DATASET ENTRIES ->
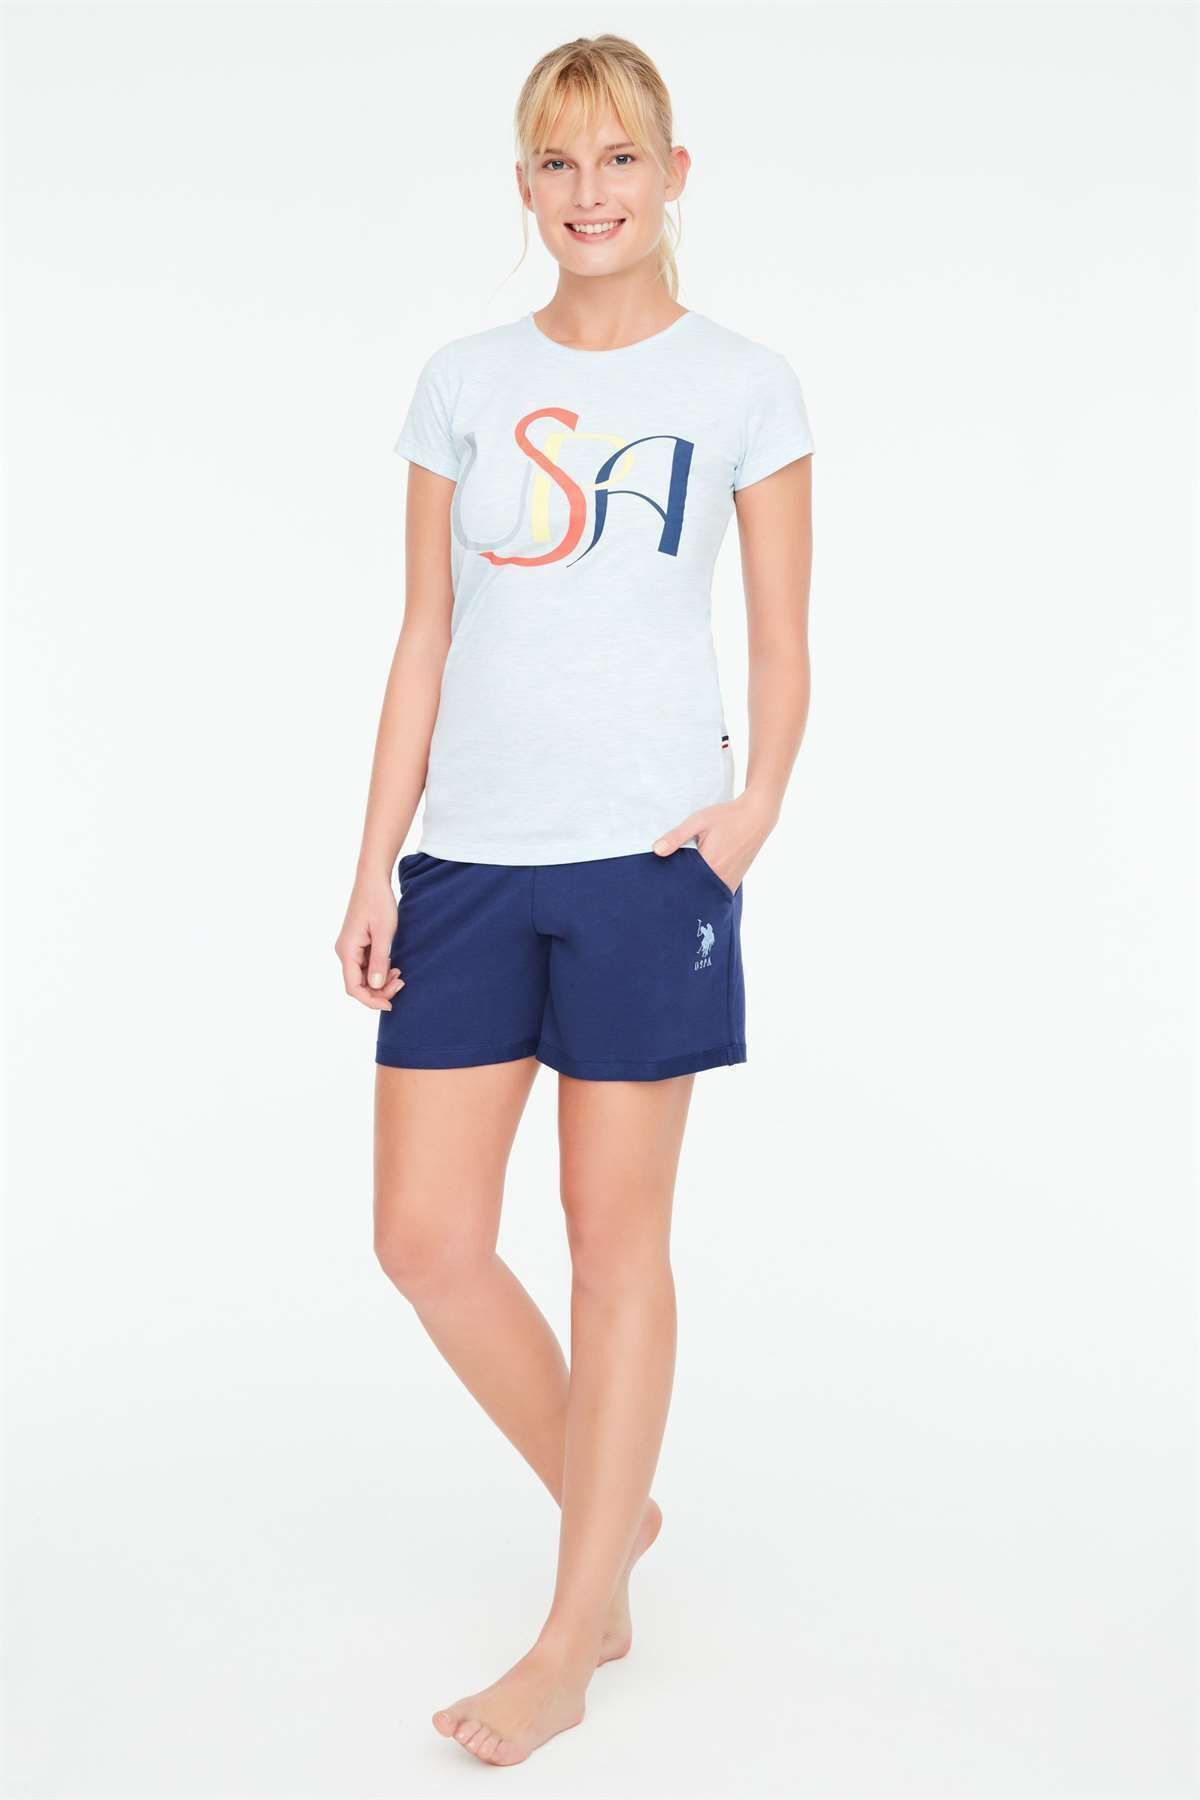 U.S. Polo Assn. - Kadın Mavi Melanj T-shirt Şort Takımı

--

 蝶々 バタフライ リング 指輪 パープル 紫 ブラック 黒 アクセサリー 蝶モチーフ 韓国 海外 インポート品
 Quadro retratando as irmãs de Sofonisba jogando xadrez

---

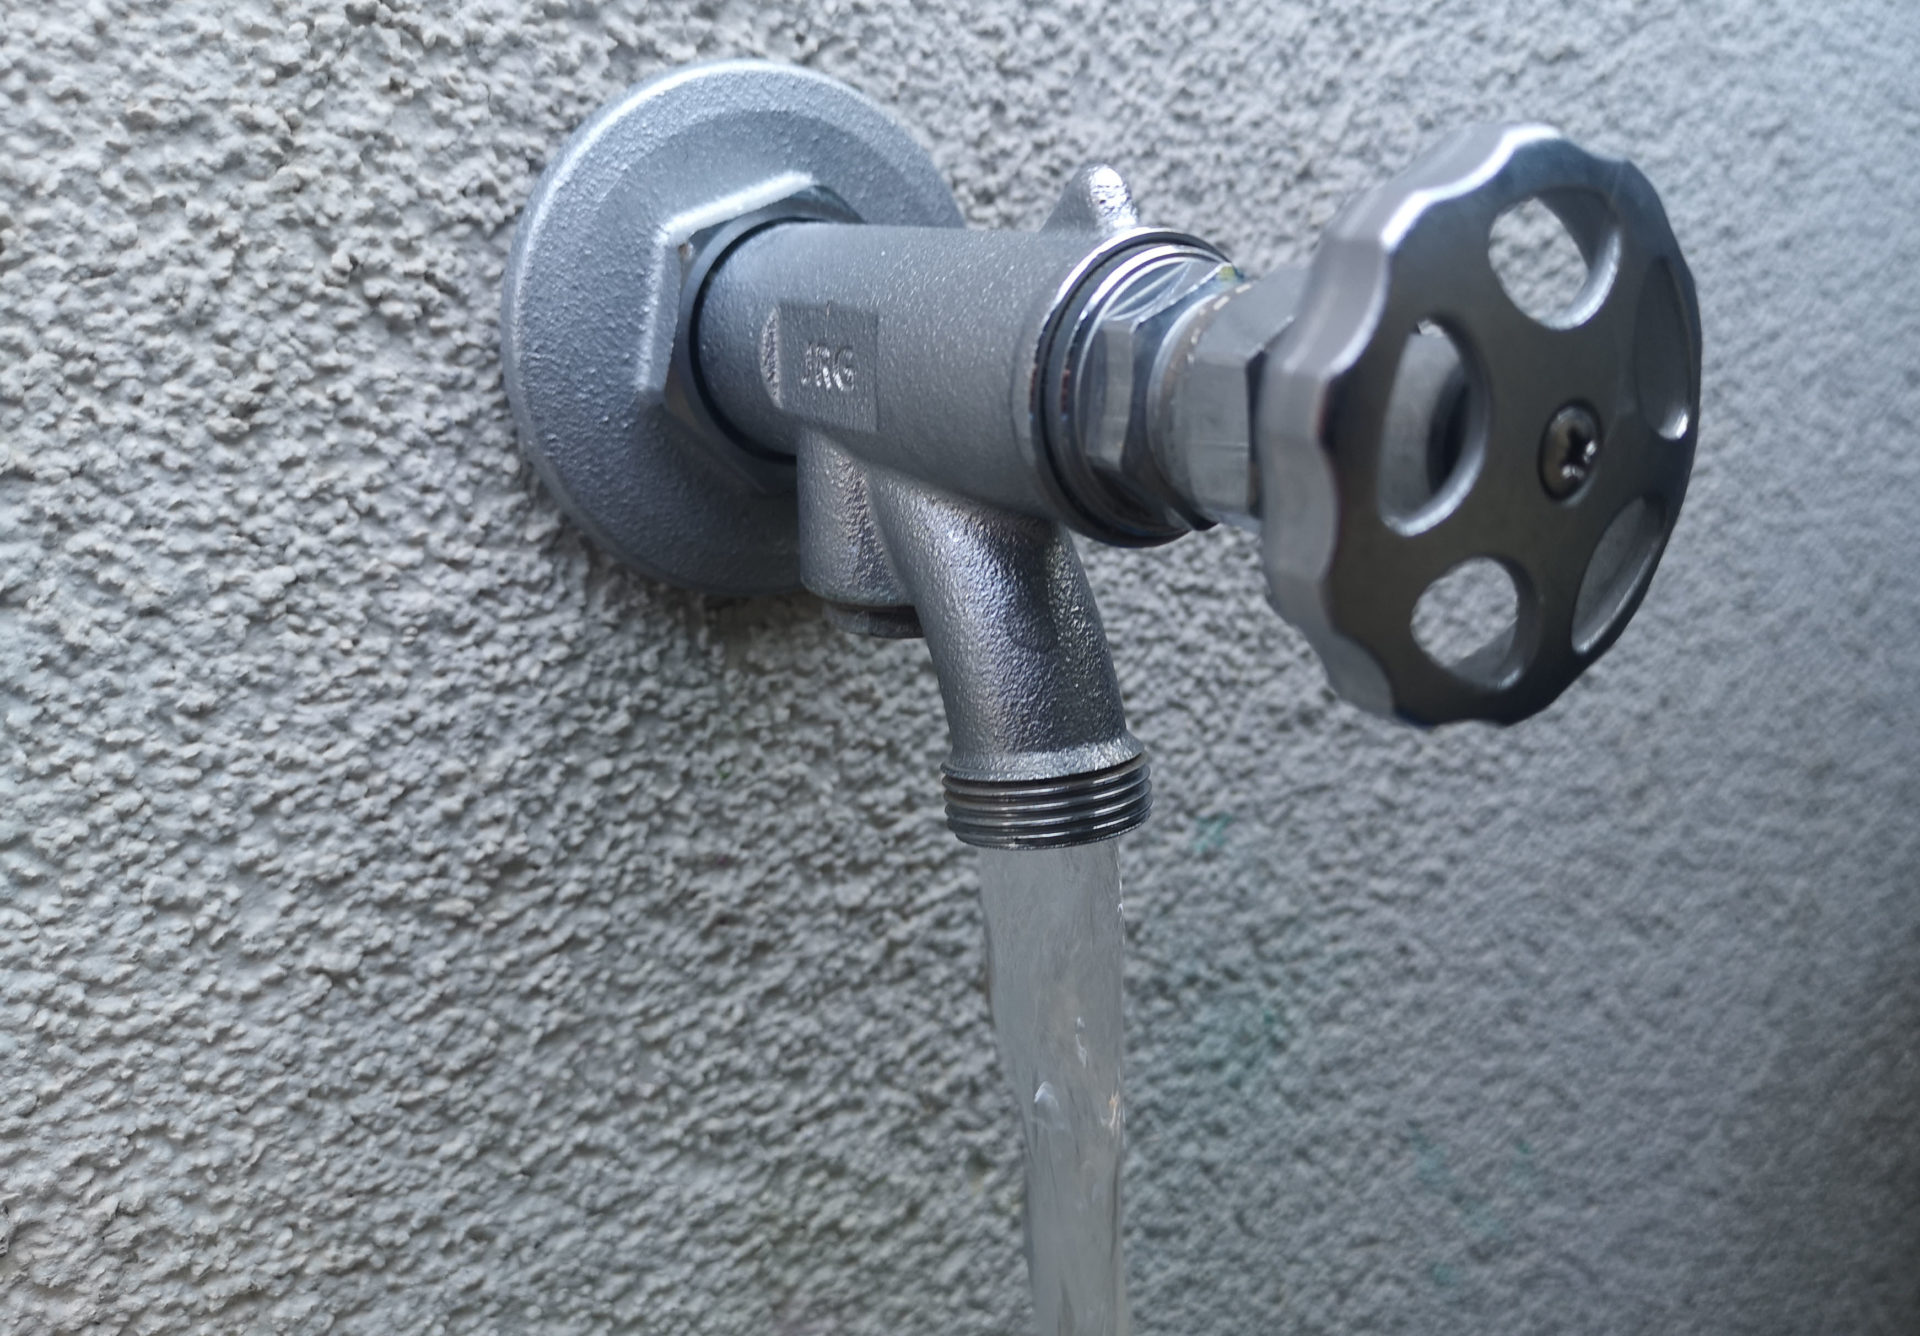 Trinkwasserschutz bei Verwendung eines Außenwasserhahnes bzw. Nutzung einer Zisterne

WORK ORDER ->
Repeat exactly the lines above from the one with "蝶々 バタフライ リング" up to and including the one with "Quadro retratando as". No other line belongs in the reply.

RESULT OF THIS EXERCISE ->
 蝶々 バタフライ リング 指輪 パープル 紫 ブラック 黒 アクセサリー 蝶モチーフ 韓国 海外 インポート品
 Quadro retratando as irmãs de Sofonisba jogando xadrez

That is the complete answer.